You heard what the Senate did to Tom Coburn's attempt to impose
some sanity on spending.
How do they live with themselves?
Years ago, interviewing economist Walter Williams for a show ABC
News called "Greed," I was perplexed when Williams said, "a thief is more
moral than a congressman; when a thief steals your money, he doesn't demand
you thank him."
That was silly hyperbole, I thought, but watching Congress
spend, I see that I was naive and Williams was right.
When the Democrats held power, I confronted Sen. Robert Byrd
about wasting our money on "Robert Byrd Highway"-type projects in West
Virginia. His answer was as arrogant as he was: "I would think that the
national media could rise above the temptation of being clever,
decrepitarian critics who twaddlize, just as what you're doing right here."
"Twaddlizing?" I asked.
"Trivializing serious matters," he explained.
I persisted, "Is there no limit? Are you not at all embarrassed
about how much you got?" Byrd glared at me in silence, and finally demanded,
angrily, "Are you embarrassed when you think you're working for the good of
the country? Does that embarrass you?"
The Republicans promised to change the culture. Democrats sold
panic. "Don't vote for them! They're going to shrink government and take
away your favorite programs!" They needn't have worried. The Republicans got
elected, but if the Democrats' goal was to expand the government, they were
the real winners.
Once Republicans were in power, they started spending money even
faster than the Democrats did.
Big spender Ted Stevens responded to Coburn's good suggestion to
kill a "Bridge to Nowhere" with a tantrum on the Senate floor: He threatened
to resign and "be taken out of here on a stretcher."

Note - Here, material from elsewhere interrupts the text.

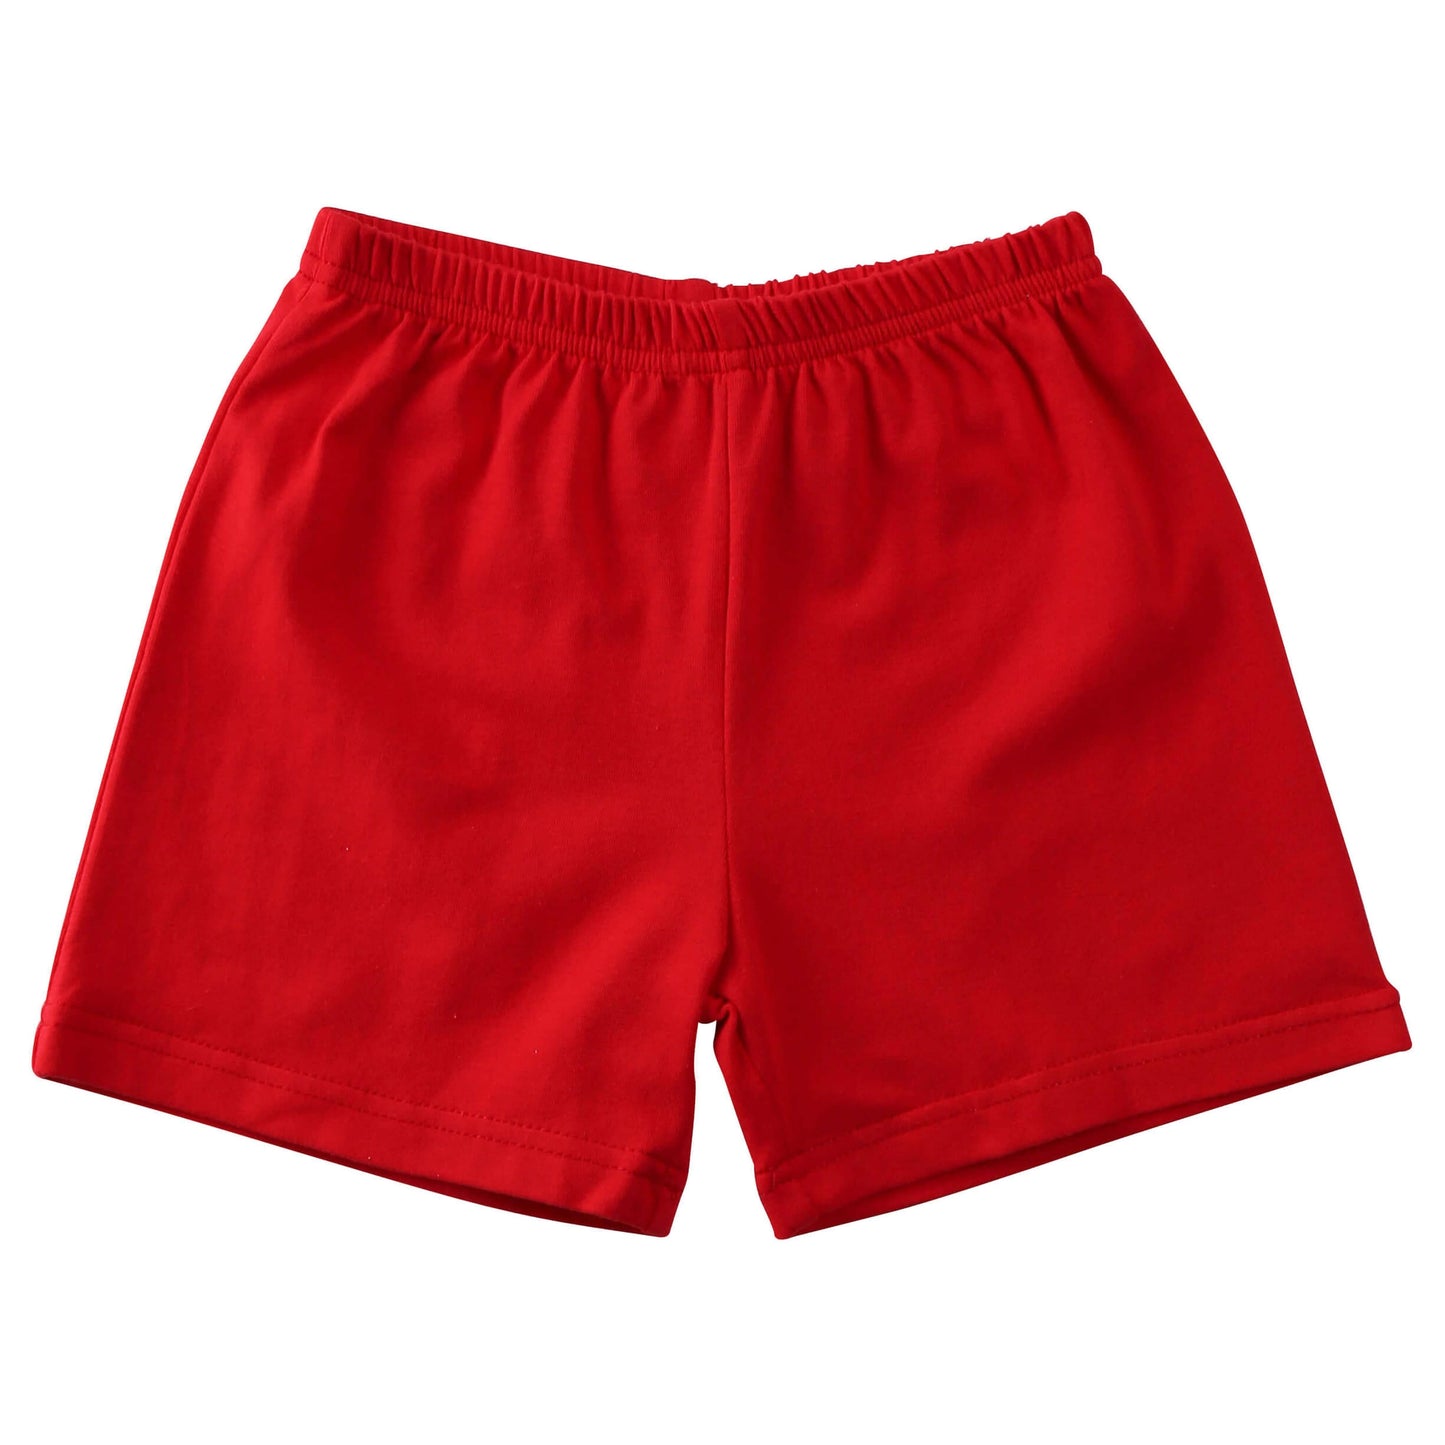 Boys Knit Shorts
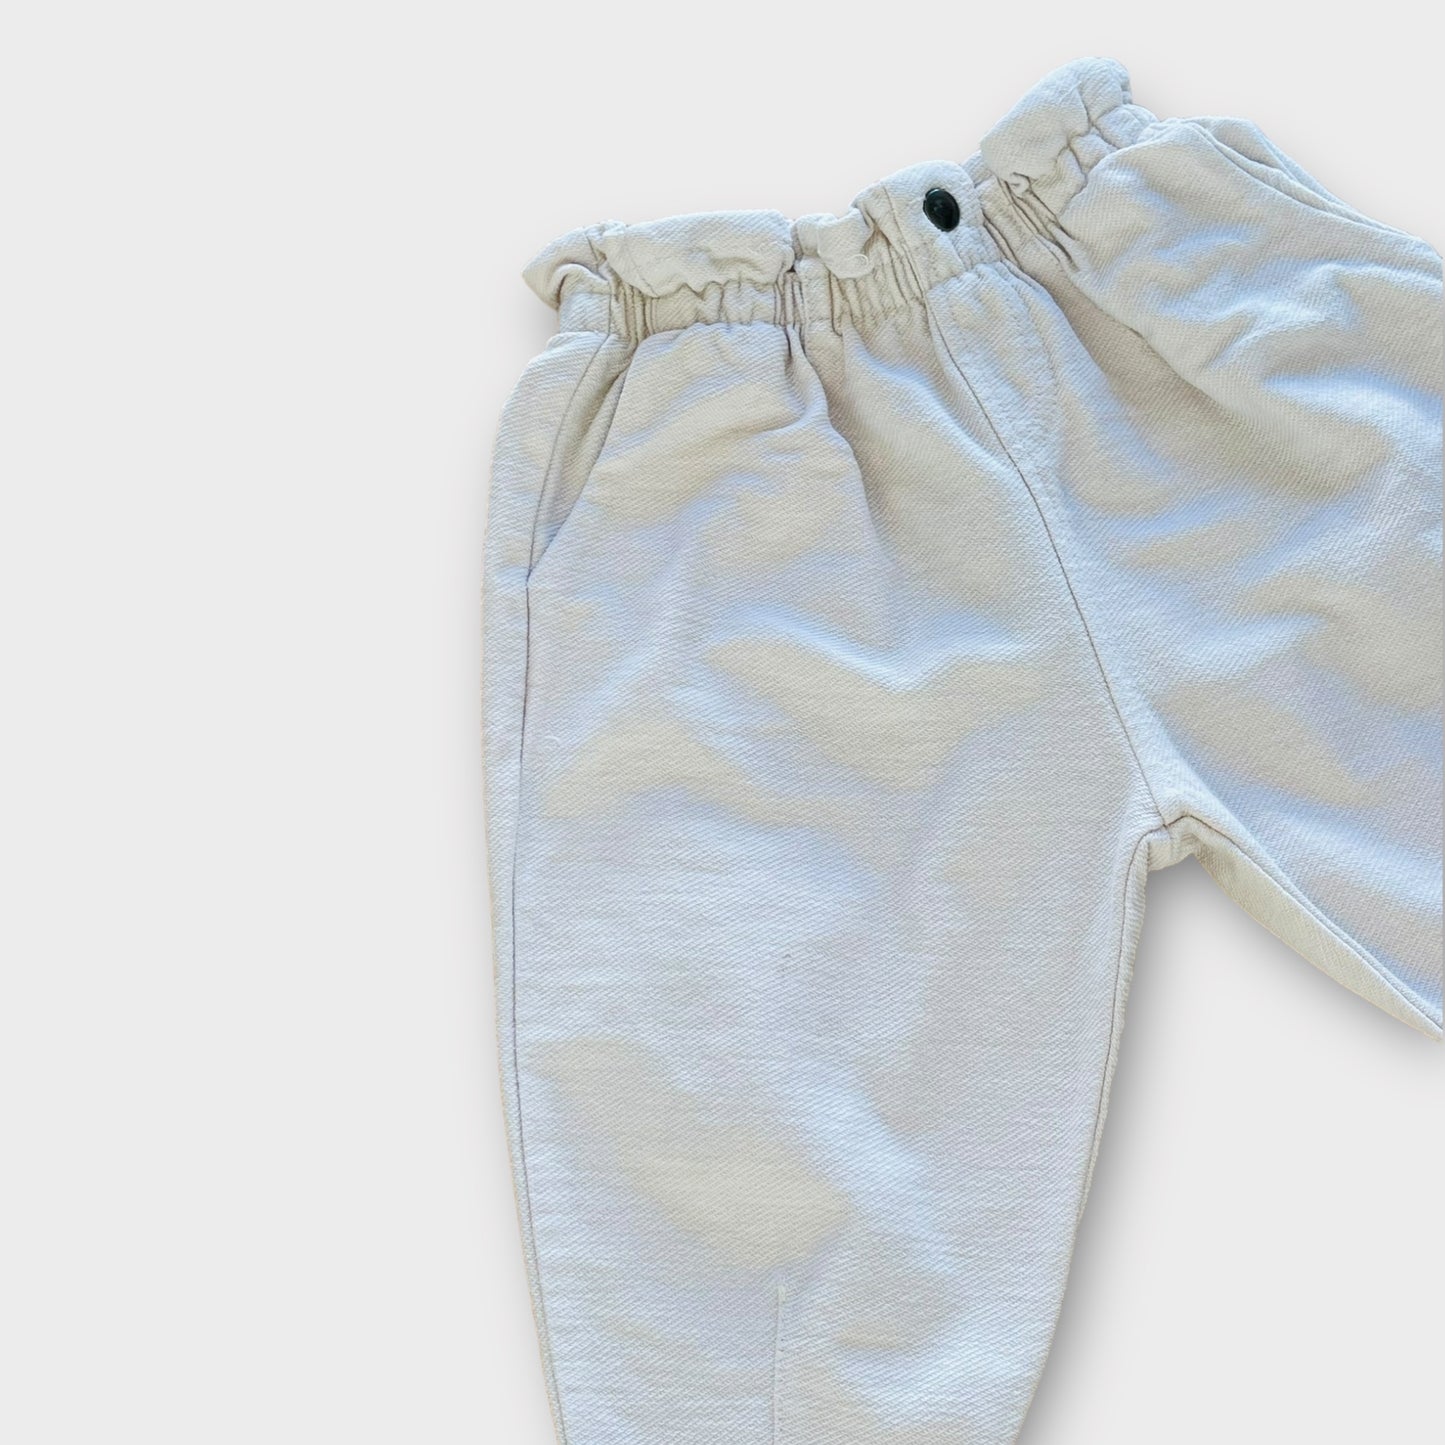 Zara - pants - 6-9 months (default)

Good! Sen. Stevens, please go. I'll even help carry the
stretcher.
Unfortunately, Congress has an unwritten code: "Don't threaten
the other congressmen's loot." The Senate reprimanded Coburn by voting 82 to
15 to save the Bridge to Nowhere.
The Ketchikan, Alaska, bridge is particularly egregious because
it's a bridge to a nearly uninhabited island. Yet it will be monstrous --
higher than the Brooklyn Bridge and almost as long as the Golden Gate. Even
some in Ketchikan laugh about it. One told us, "Short view is, I don't see a
need for it. The long view ... I still don't see a need for it.
Last week, Alaska's other senator, Lisa Murkowski, said it would
be "offensive" not to spend your money on her bridge. When she first became
a senator, I asked her if Republicans believed in smaller government. She
was unusually candid: "We want smaller government. But, boy, I sure want
more highways and more stuff, whatever the stuff is."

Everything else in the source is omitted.